▸ PROBLEM STATEMENT: Exactly the lines from the beginning of the records to the line with "Wagons Westward poster", both ends included, are to be given again, and pictures are to be left out.
[Start of Attachment]
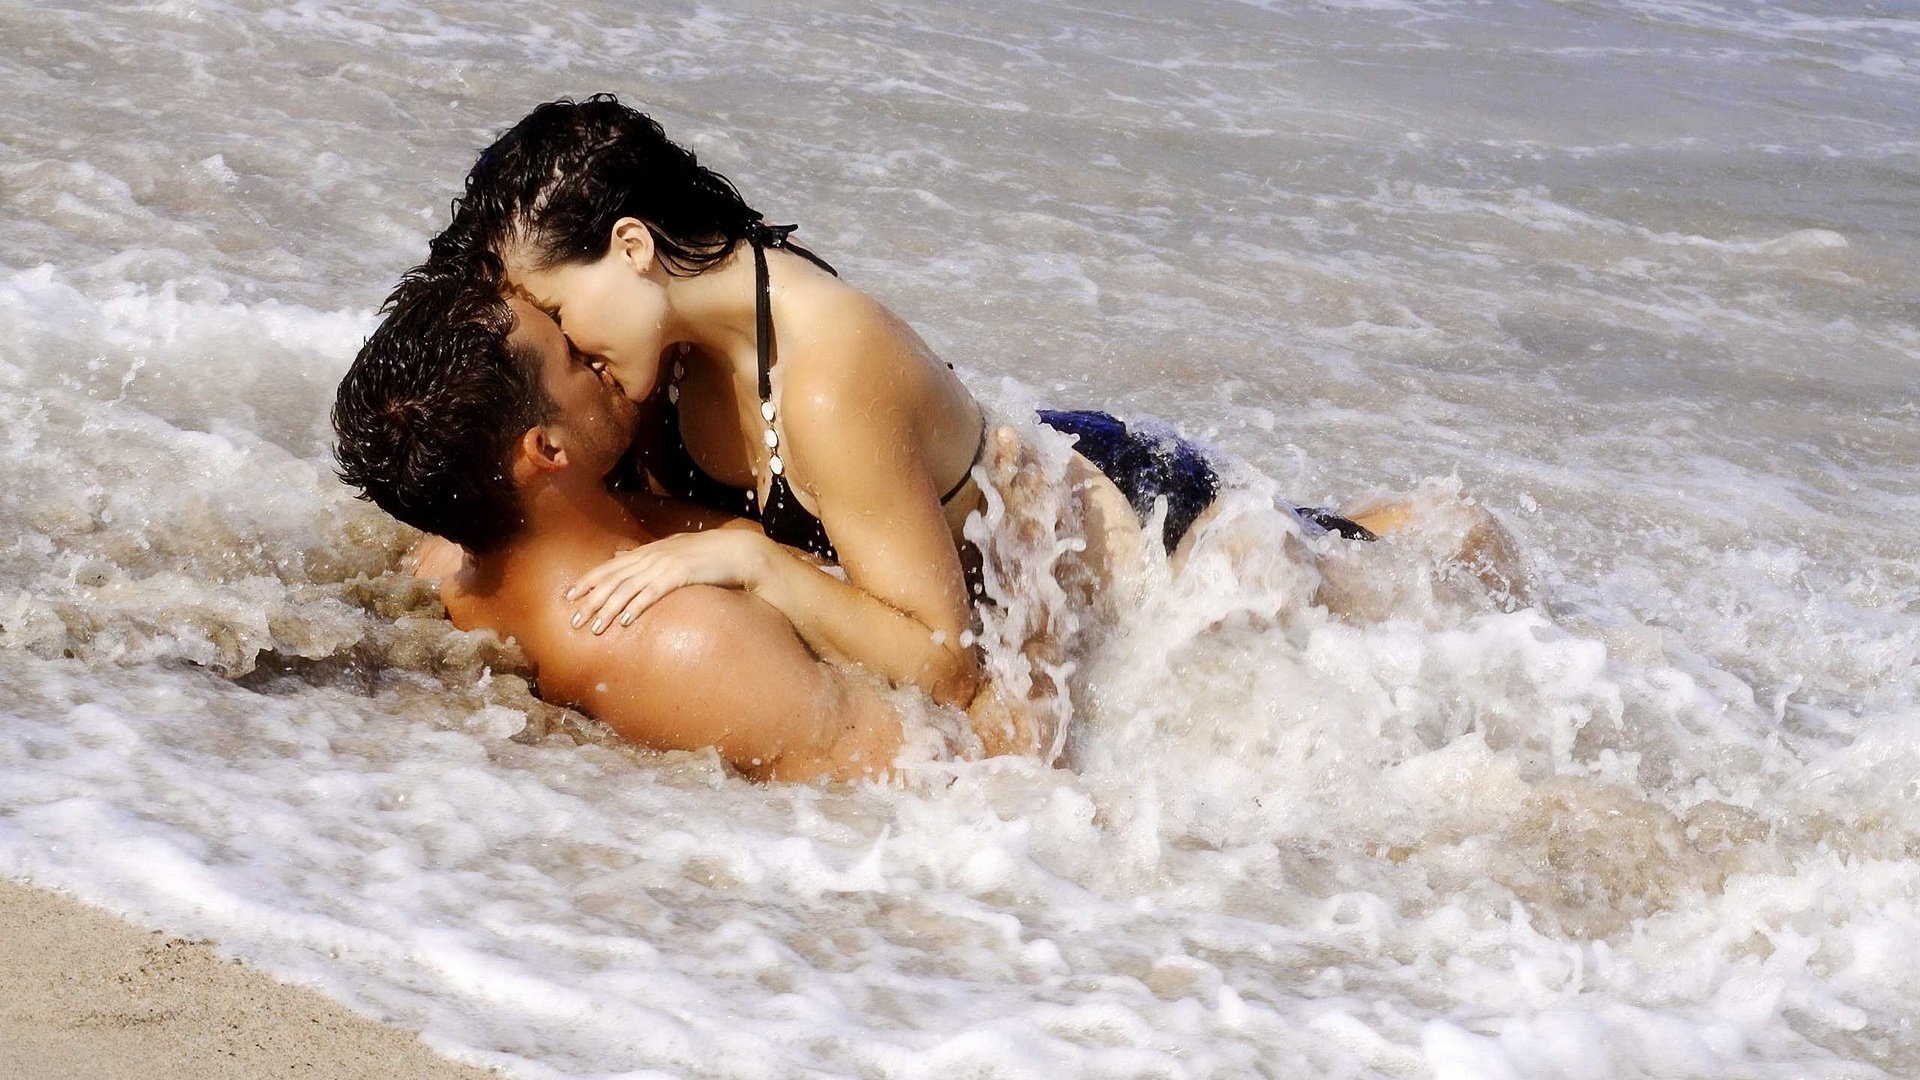 Райский уголок - брюнетка целуется и трахается с любовником на берегу океана где-то в дорогой вилле
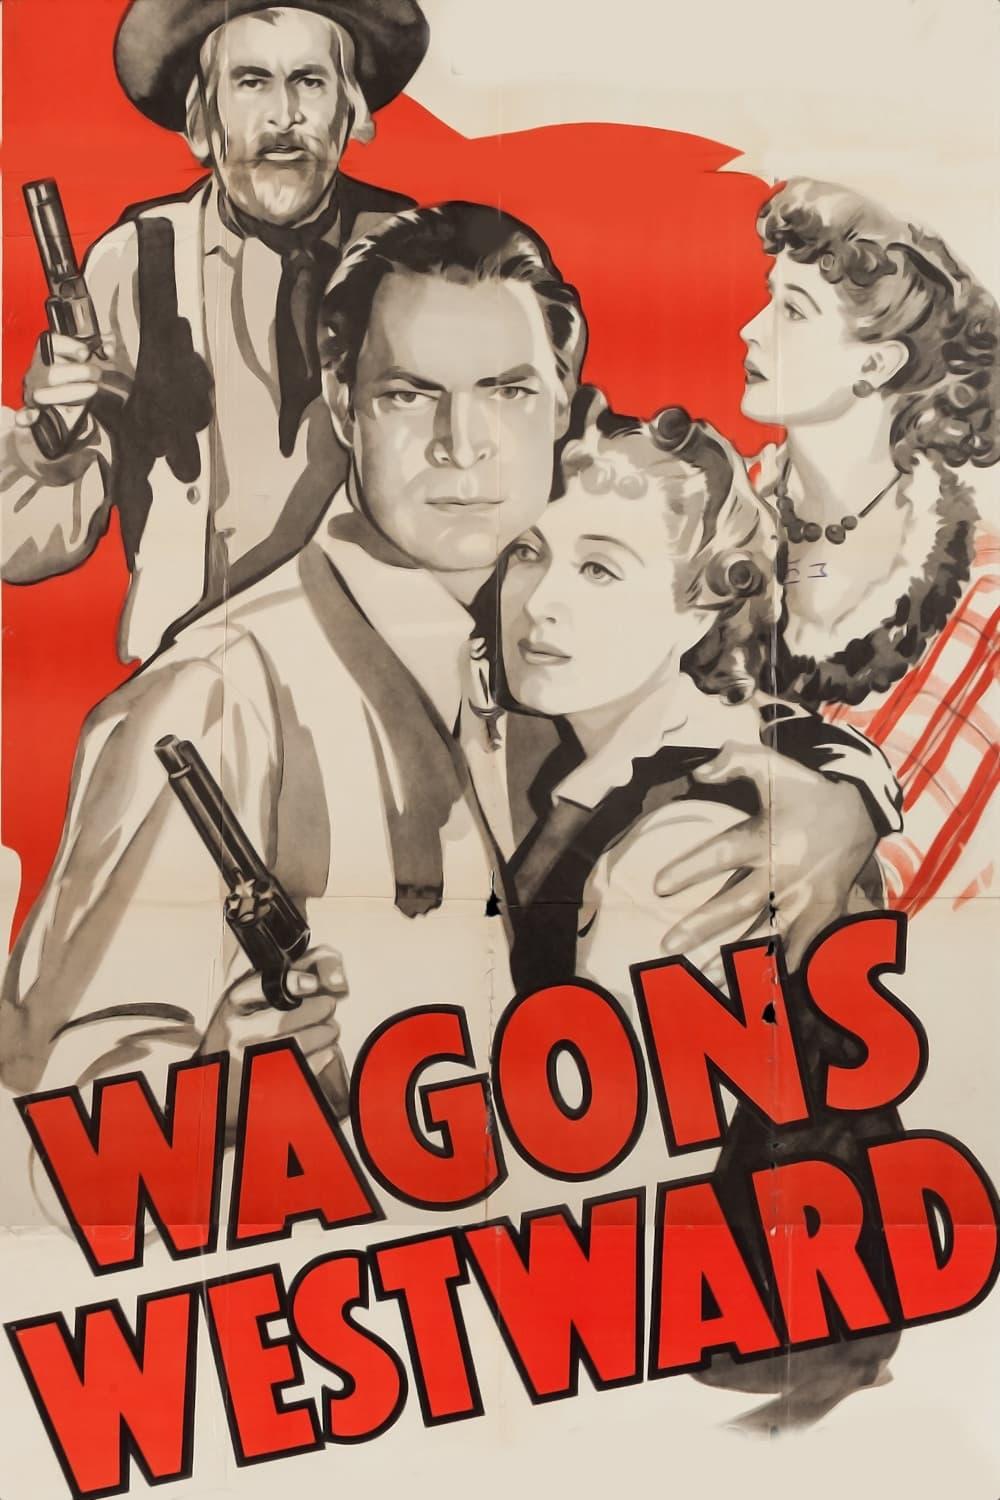 Wagons Westward poster
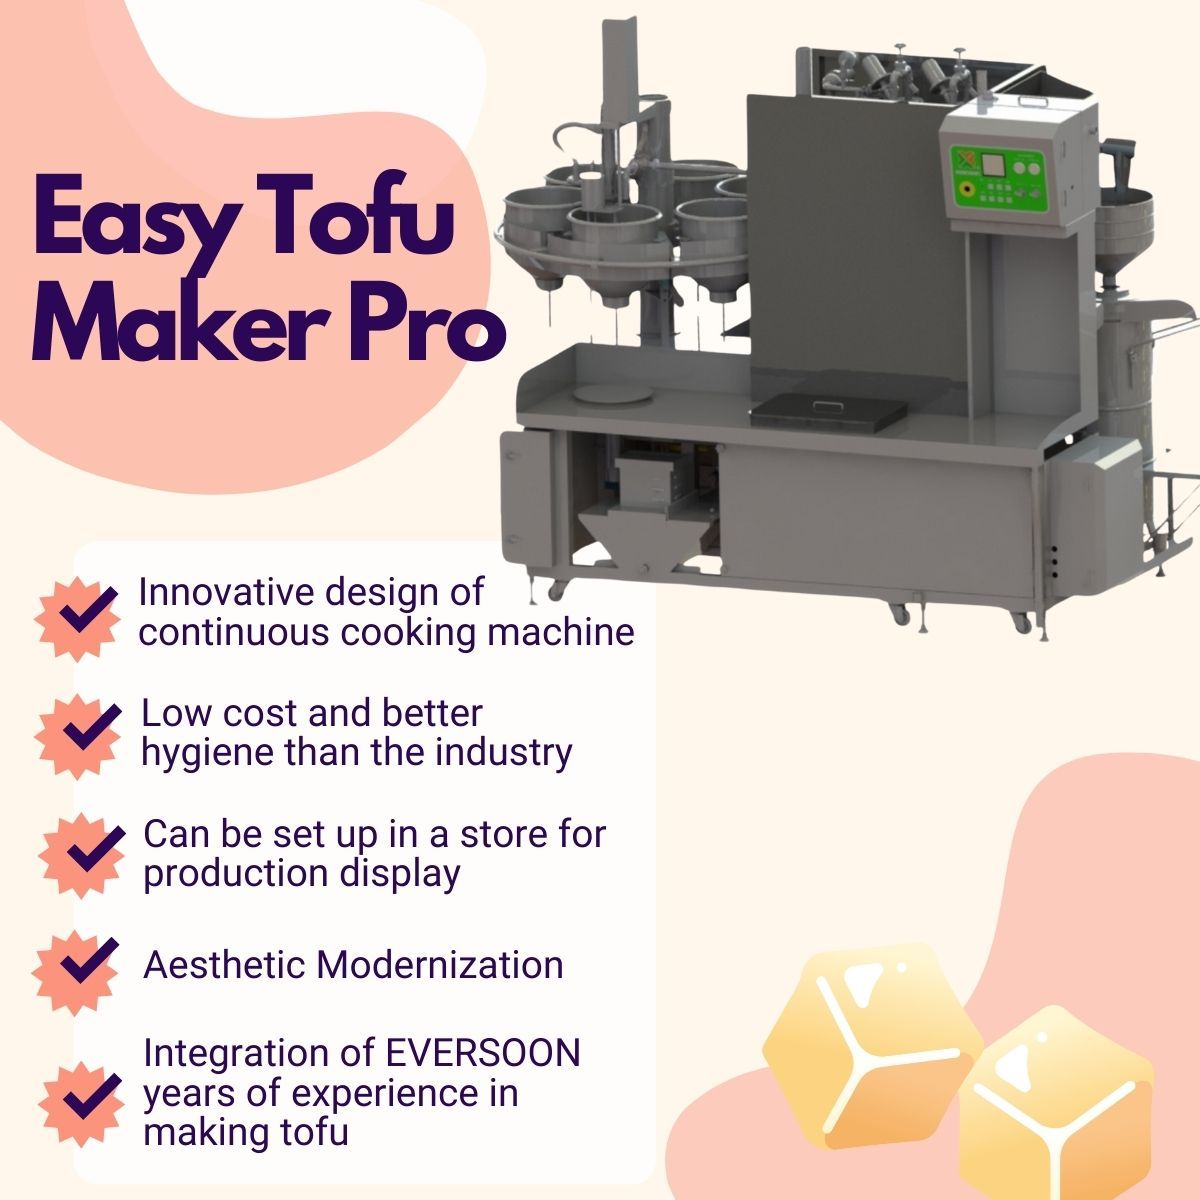 Automatische Tofu-Herstellungsmaschine, Easy Tofu Maker, Gebratene Tofu-Maschine, Industrielle Tofu-Herstellung, kleine Tofu-Maschine, Sojalebensmittel-Ausrüstung, Sojafleischmaschine, Sojamilch- und Tofu-Herstellungsmaschine, Tofu-Ausrüstung, Tofu-Maschine, Tofu-Maschine zum Verkauf, Tofu-Maschinenhersteller, Tofu-Maschinenhersteller, Tofu-Maschinenpreis, Tofu-Maschinen und -Ausrüstung, Tofu-Hersteller, Tofu-Herstellermaschine, Tofu-Herstellung, Tofu-Herstellungsausrüstung, Tofu-Herstellungsmaschine, Tofu-Herstellungsmaschinenpreis, Tofu-Hersteller, Tofu-Herstellung, Tofu-Herstellungsausrüstung, Tofu-Herstellungsanlage, Tofu-Produktionsausrüstung, Tofu-Produktionslinie, Tofu-Produktionslinienpreis, Tofuhersteller, automatische Tofu-Maschine, vegane Fleischmaschine, vegane Fleischproduktionslinie, Gemüse-Tofu-Maschinen und -Ausrüstung, kommerzielle Tofu-Maschine, automatische Sojamilchmaschine, automatische Sojamilchherstellungsmaschine, Easy Tofu Maker, Herstellung von Sojamilch, Soja-Getränke-Maschine, Sojamilch und Tofu herstellende kommerzielle Sojamilchmaschine, Sojamilch- und Tofuherstellungsmaschine, Sojamilchkochmaschine, Sojamilchmaschine, Sojamilchmaschine aus Taiwan, Sojamilchmaschinen, Sojamilchmaschinen und -ausrüstungen, Sojamilchhersteller, Sojamilchherstellungsmaschine, Sojamilchhersteller, Sojamilchproduktion, Sojamilchproduktionsausrüstung, Sojamilchproduktionslinie, Sojamilchherstellungsmaschine Preis, Sojabohnenverarbeitungsmaschine, Sojamilchmaschine, Sojamilch- und Tofuherstellungsmaschine, kommerzieller Sojamilchhersteller, kommerzielle Sojabohnenmilchmaschine, kommerzielle Sojamilchmaschine, Sojamilchmaschine kommerziell, Sojamilchkocher für den gewerblichen Gebrauch, Sojamilchschleifer für den gewerblichen Gebrauch, Sojamilchmaschine für den gewerblichen Gebrauch, Sojamilchmaschinen für den gewerblichen Gebrauch, Laden für die Herstellung von Sojamilch
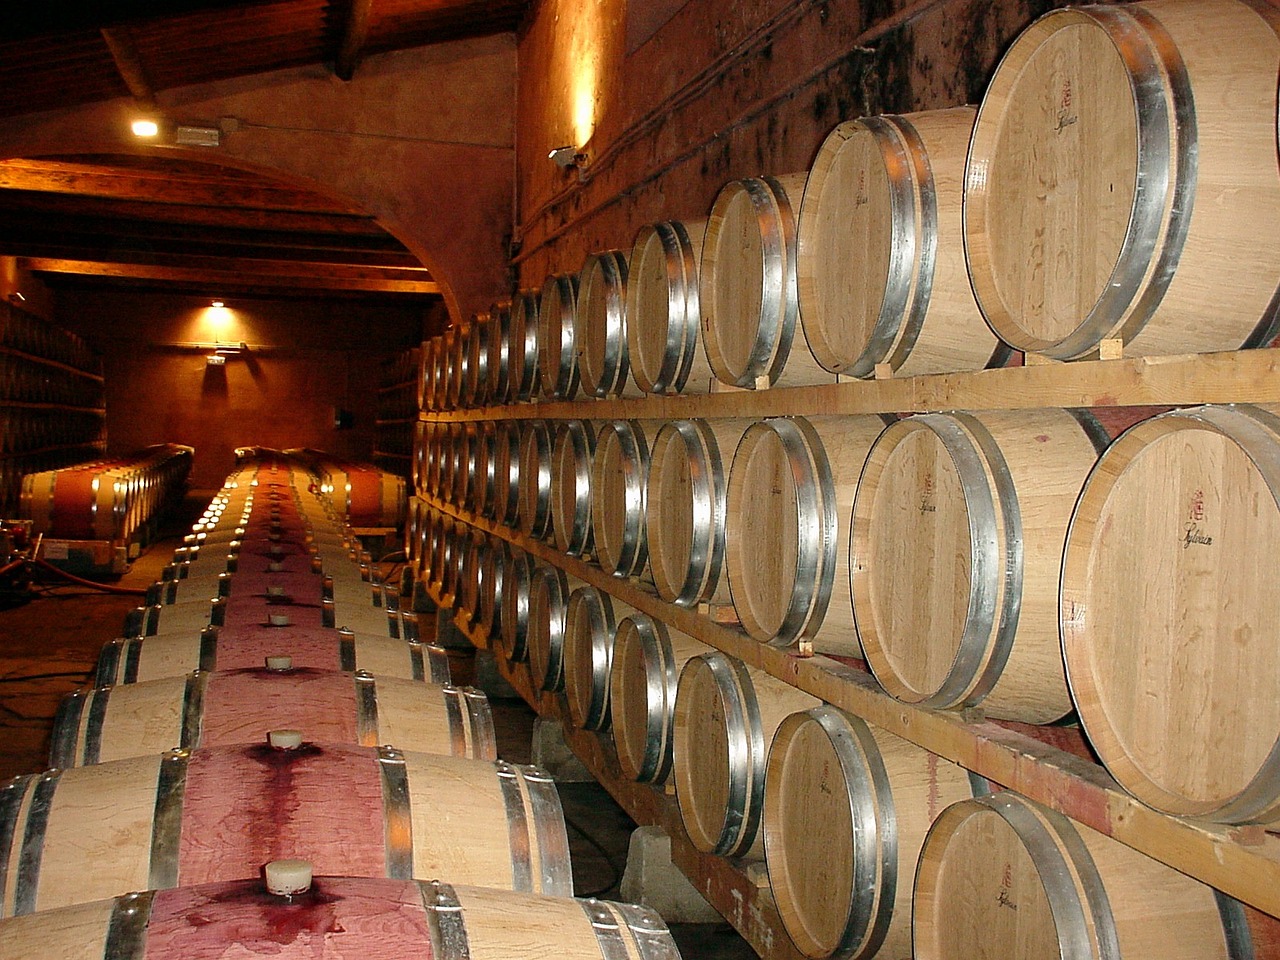 Túl sok a bor, az állam 200 millió eurót költene a megsemmisítésre Franciaországban
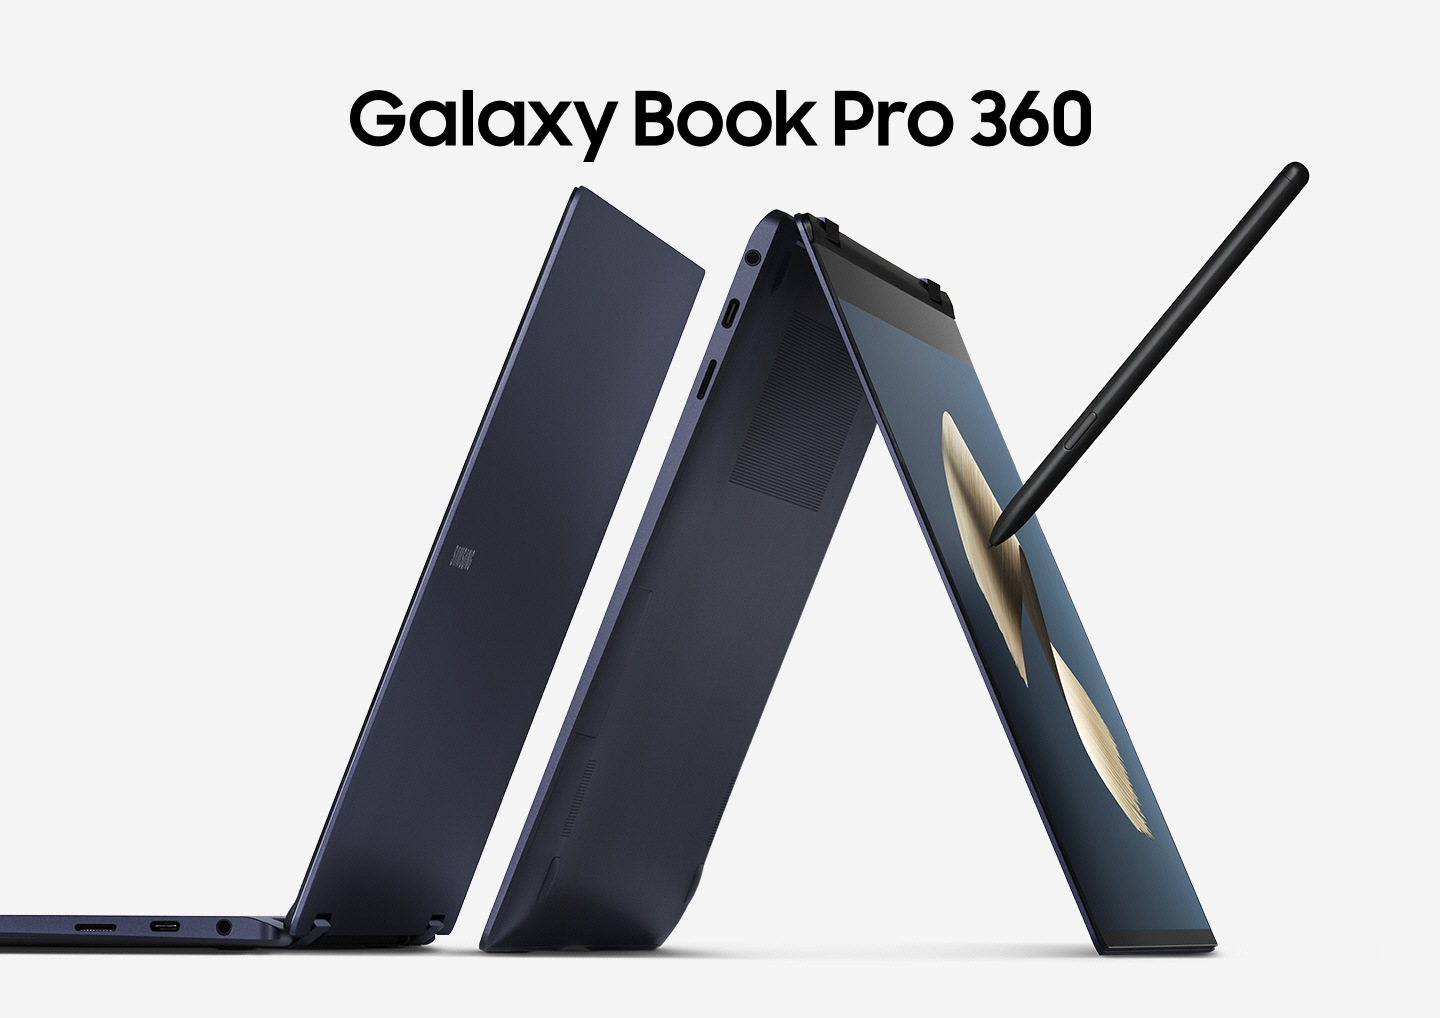 שני זהים 360 גלקסי ספר Pro 360 בכחול מיסטי ממוקמים זה לצד זה. אחד מהם מצויד בסגנון S, במצב אוהל, מונח על קצה המסך והמקלדת. Galaxy Book Pro 360 'כתוב
[End of Attachment]
▸ ANSWER BOX:
 Райский уголок - брюнетка целуется и трахается с любовником на берегу океана где-то в дорогой вилле
 Wagons Westward poster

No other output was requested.